The ACCC blocked the $4.9 billion deal this month and Suncorp has said it will support ANZ’s bid to appeal the decision before the Australian Competition Tribunal. 

“At the macro level the operating environment remains challenging,” Mr Johnston said at an earnings webcast last week. 

“While pressures in the supply chain are easing, elevated economy-wide inflation continues to inform central bank decision making, and this in turn, is driving volatility in investment markets. 

“GWP growth of around 10% will be primarily driven by pricing as we continue to respond to increased input costs and we prioritise margin over volume.” 

The priorities for this current financial year include strengthening its motor and home insurance portfolios, increasing efficiency and working towards its ultimate goal of having at least 70% of sales and 80% of claims lodgements delivered via digital channels. 

Suncorp last week reported group net profit after tax increased 68.6% to $1.14 billion from a year earlier and cash earnings surged 86.3% to $1.25 billion. 

Its Insurance Australia division achieved significantly higher earnings, with profit after-tax rising to $755 million from $174 million a year earlier. The Australian business delivered a 10.6% rise in GWP to $10.2 billion. 

The improved GWP reflected targeted price increases required to address material rises in reinsurance and natural hazard costs and economy-wide inflation. 

The home and motor portfolios saw like-for-like GWP growths of 11.7% and 13.8% and in commercial GWP grew 9.9%. 

At the same time the business says it was impacted by significant weather events, resulting in adverse natural hazards claims experience and additional reinsurance reinstatement premiums following the North Island floods and Cyclone Gabrielle. 

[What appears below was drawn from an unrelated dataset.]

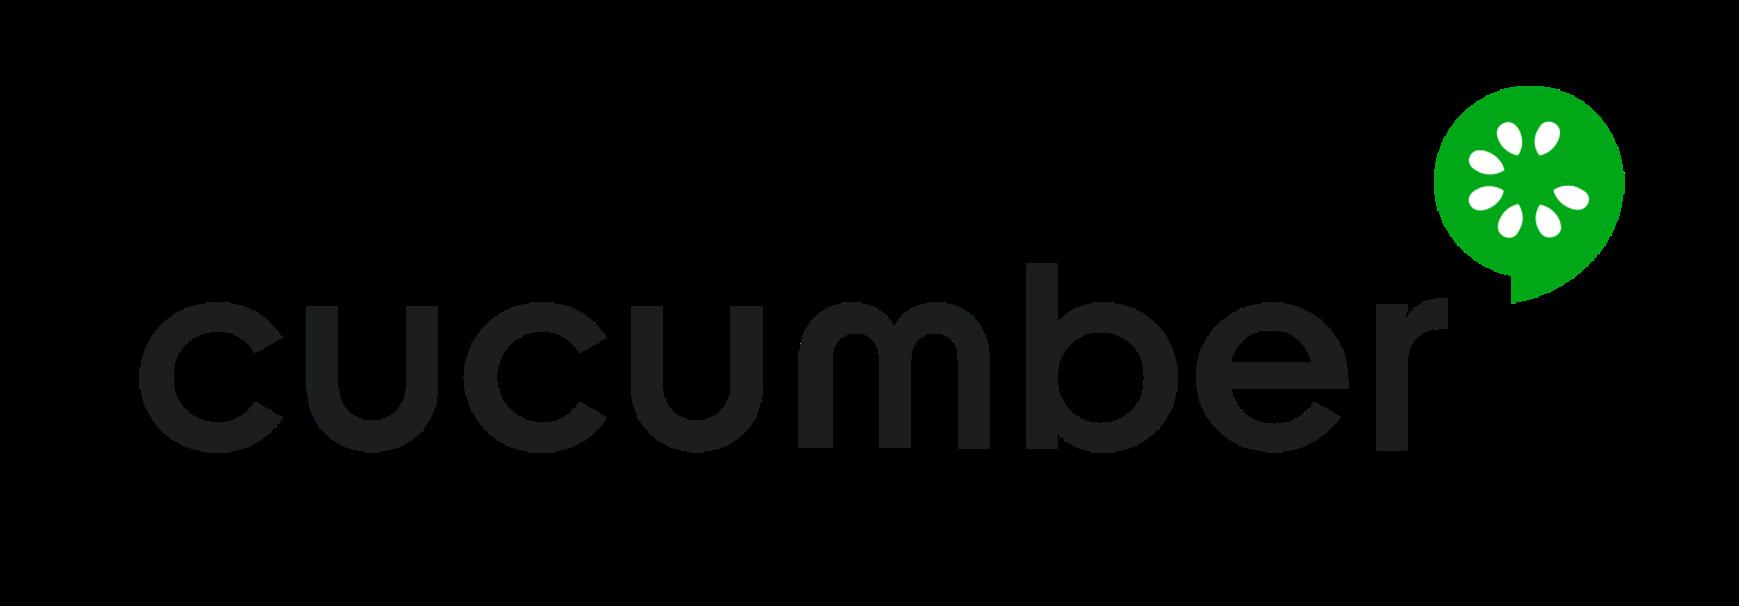 Cucumber logo - Cucumber Selenium Tutorial - Edureka
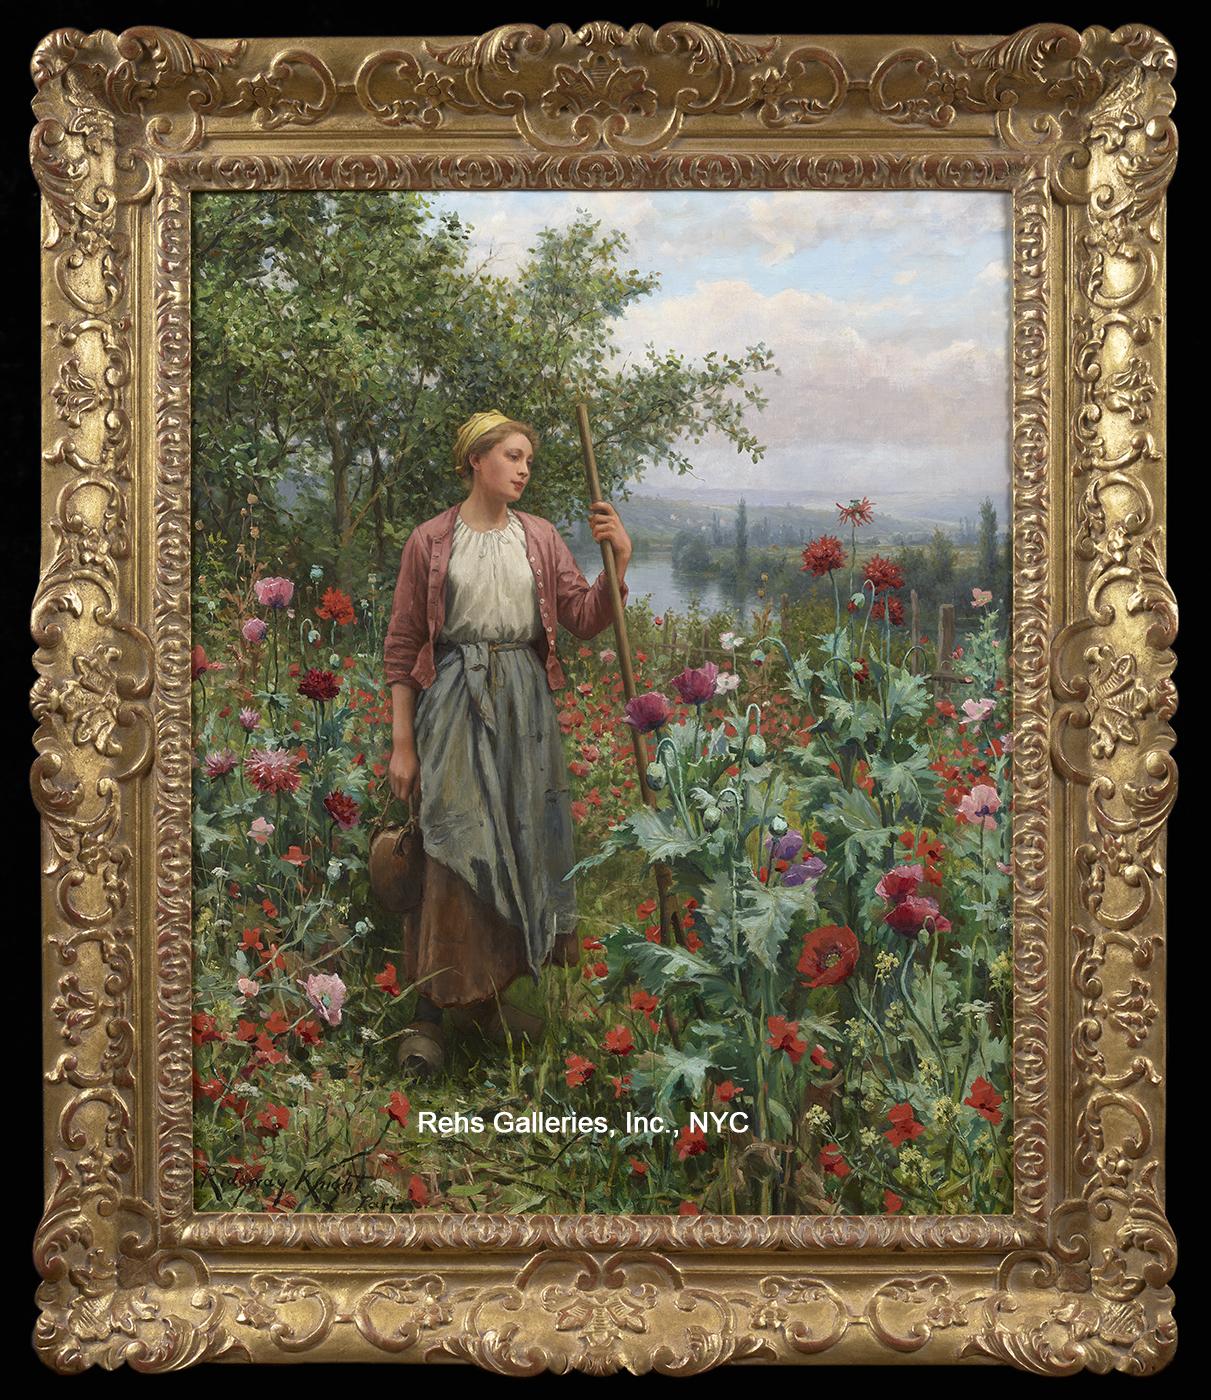 daniel_ridgway_knight_e1345_maria_among_the_poppies_framed_wm.jpg

The third consecutive La Nina weather pattern, experienced across Australia and New Zealand for the majority of the last financial year, led to 15 separate weather events and around 130,000 natural hazard claims. 

“This resulted in the group exceeding its natural hazard allowance by $97 million,” Suncorp says. It had an allowance of $1.16 billion. 

For this financial year the group has set its natural hazard allowance at $1.36 billion and its reinsurance program was finalised, with premiums up on the prior year. Suncorp says changes to its reinsurance program will result in an approximately $340 million increase in capital required to be held by the Group.